Task instructions
Take the records below and set down exactly the lines from the one with "Is ice dancing easier than figure skating?" to the one with "Corduroy smart-casual jacket", ends included; do not copy the pictures.
-- Data extract follows --
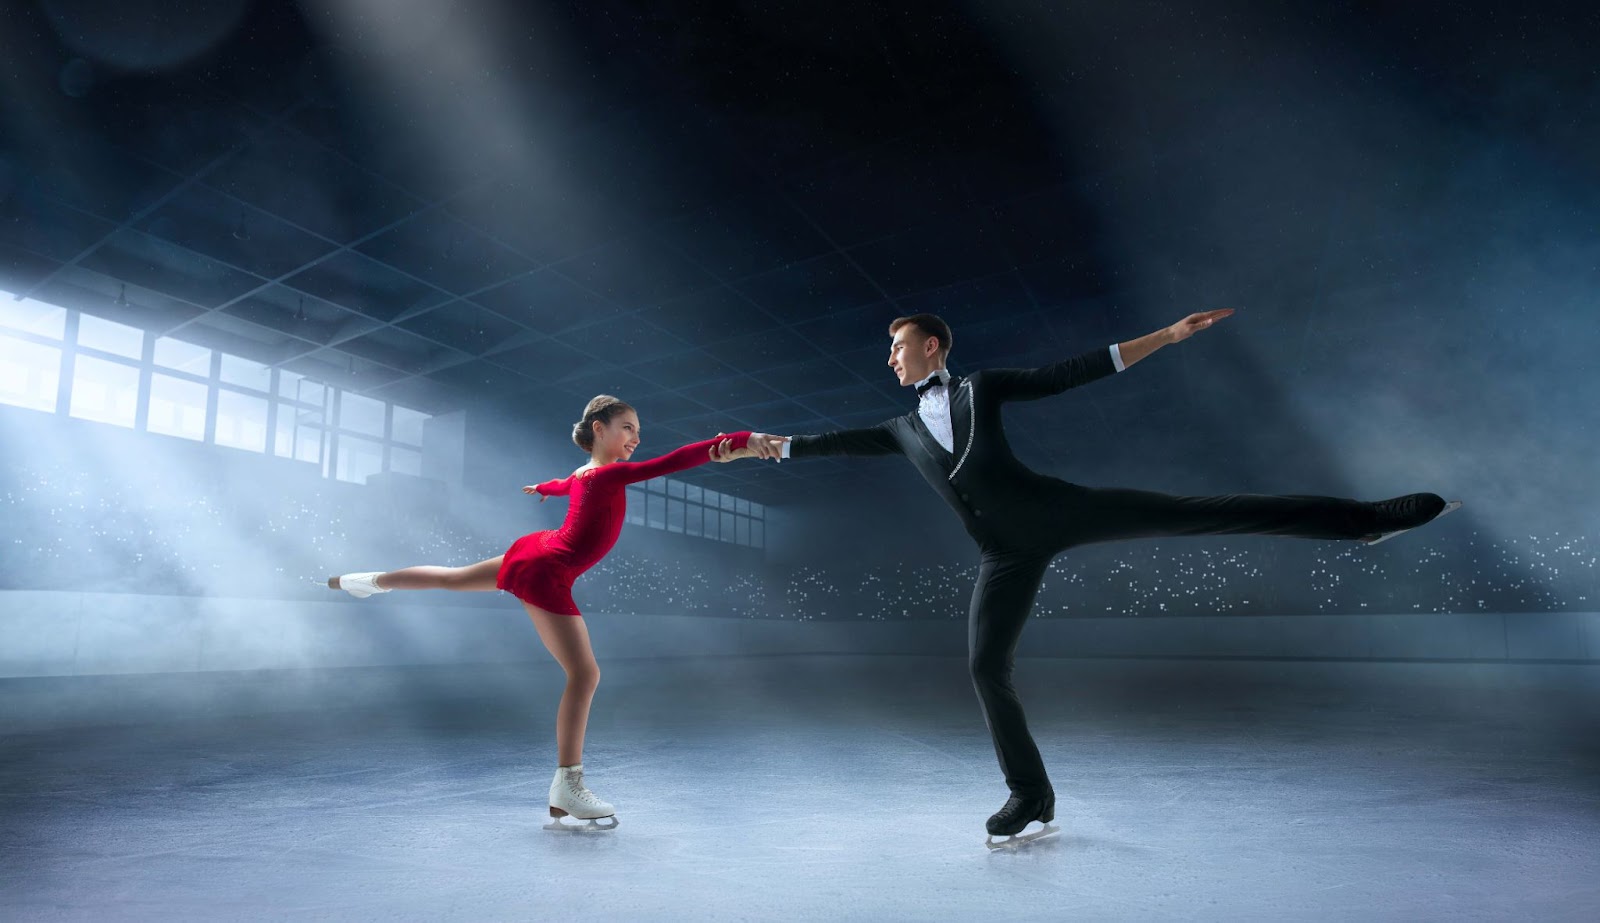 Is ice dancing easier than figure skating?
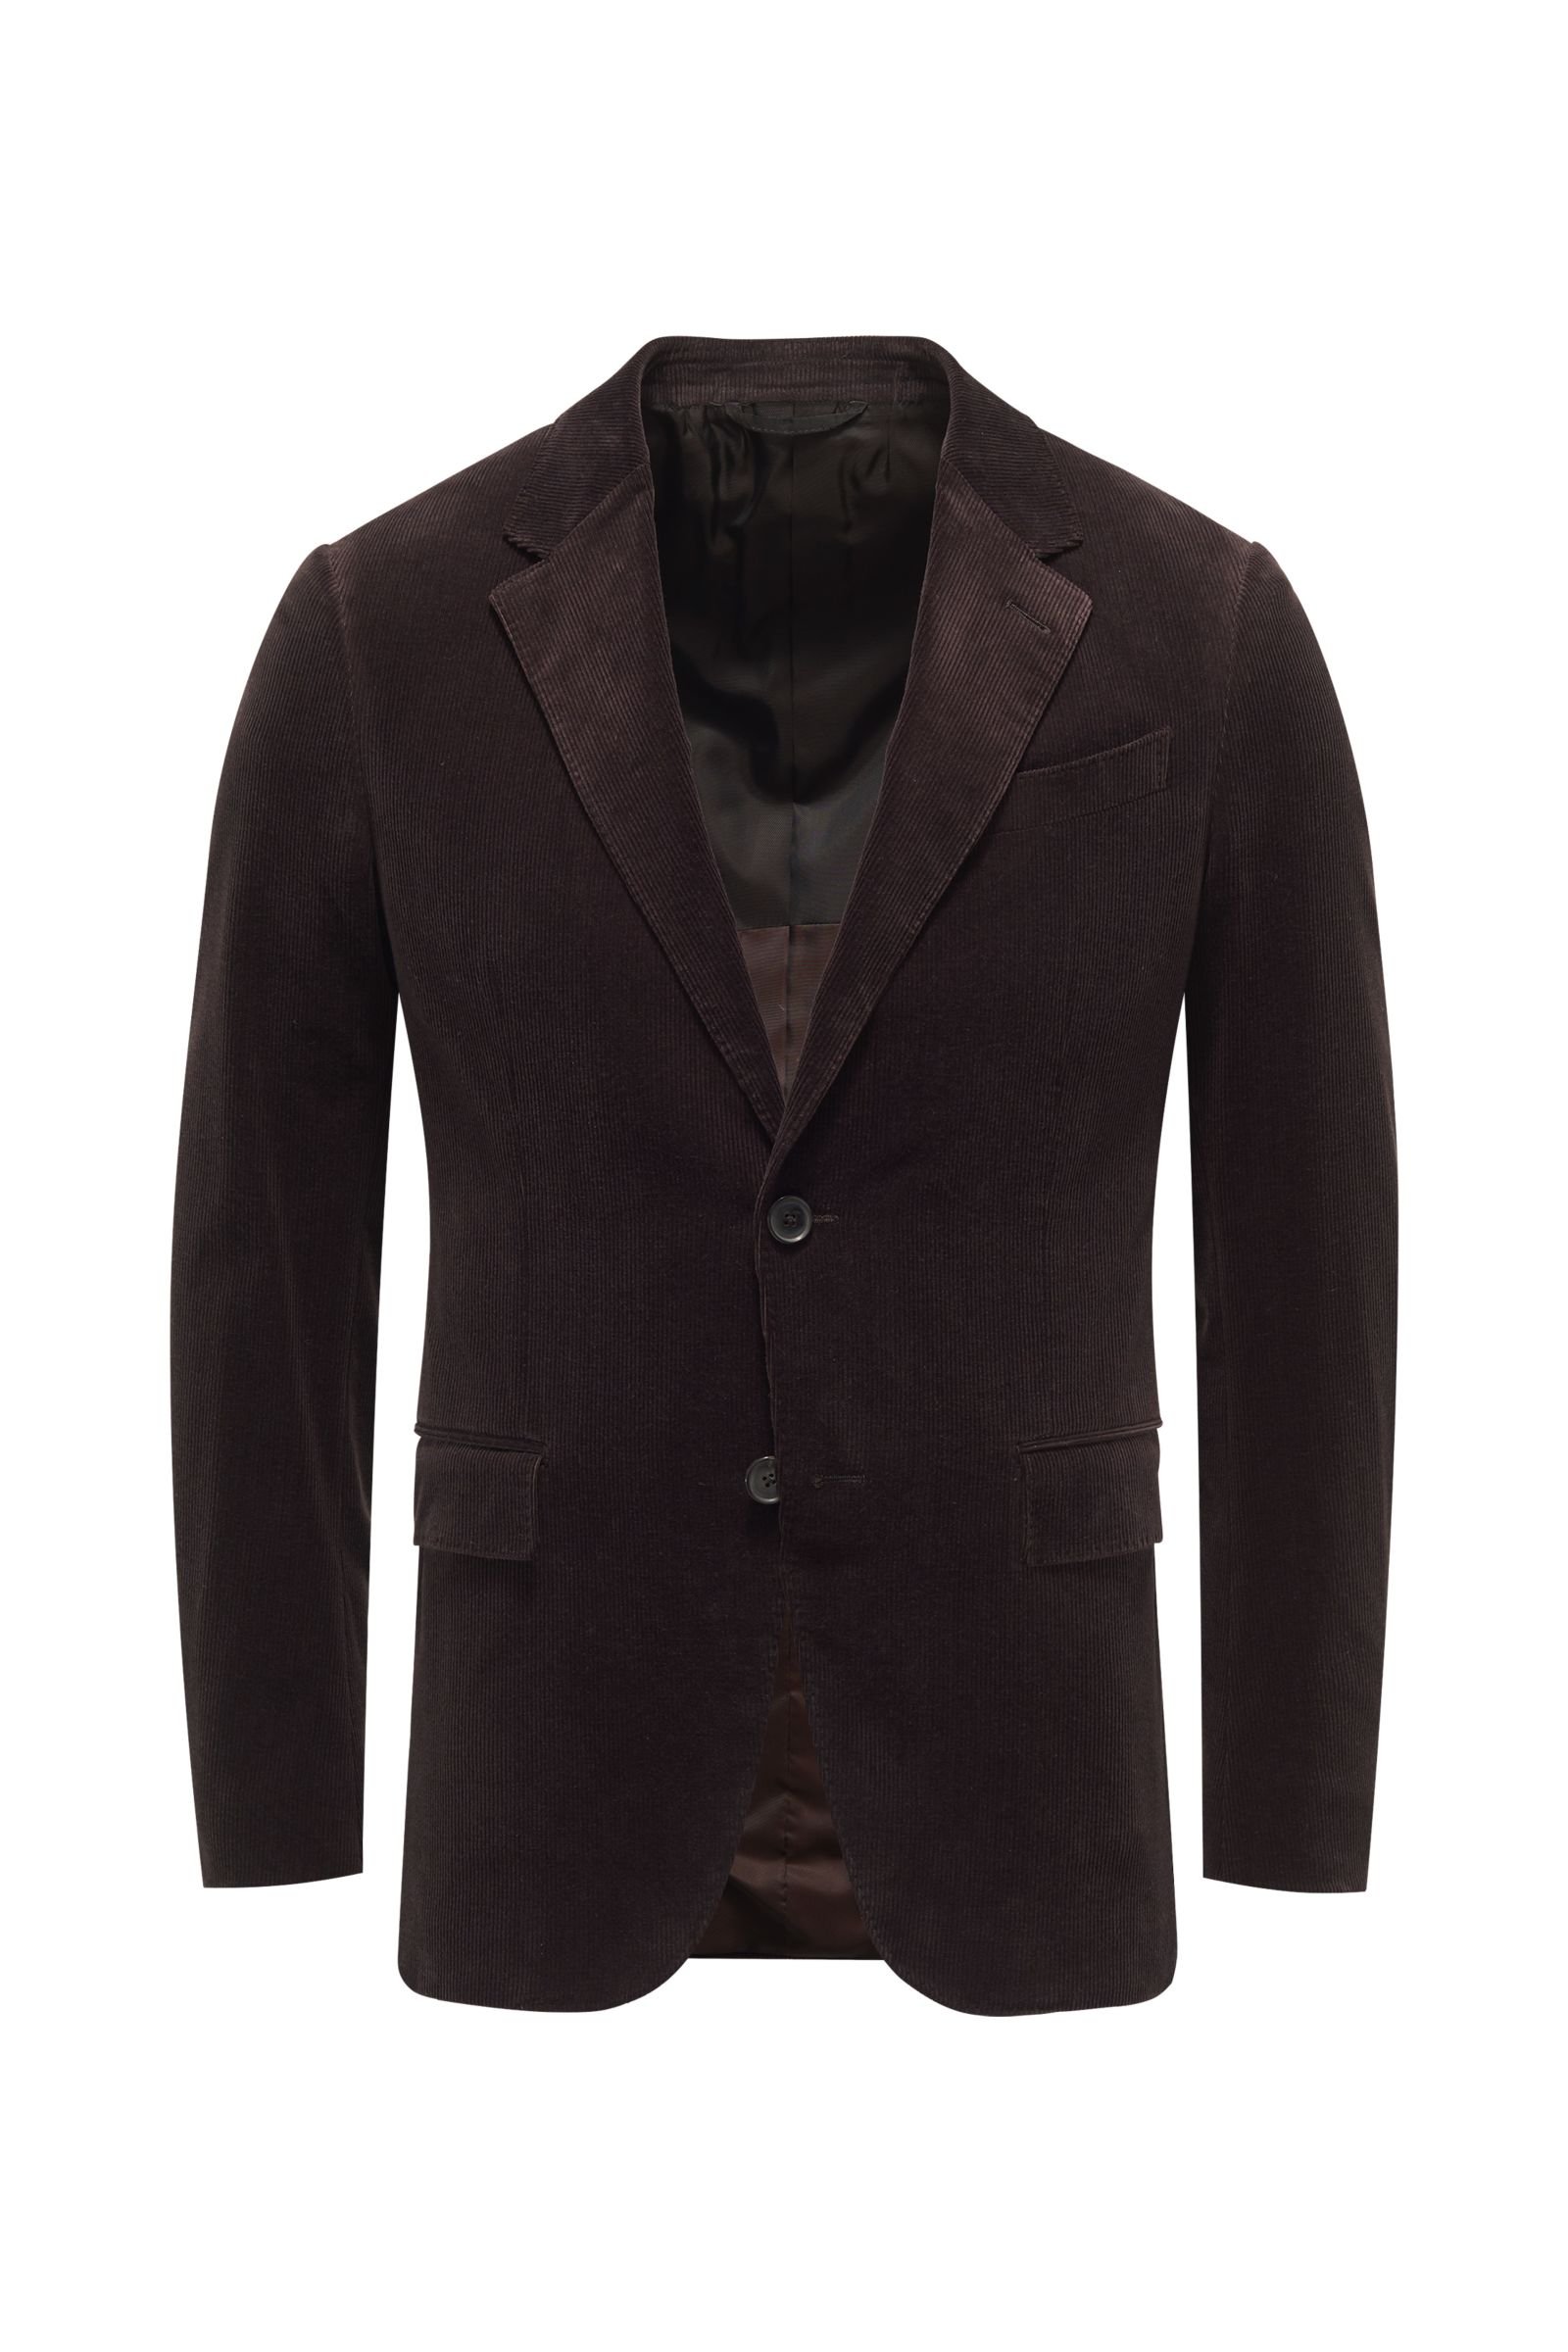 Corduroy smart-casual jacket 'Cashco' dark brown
-- Data extract concluded --
-- Data extract follows --
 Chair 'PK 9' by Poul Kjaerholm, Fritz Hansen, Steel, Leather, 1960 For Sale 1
-- Data extract concluded --
Written response
 Is ice dancing easier than figure skating?
 Corduroy smart-casual jacket 'Cashco' dark brown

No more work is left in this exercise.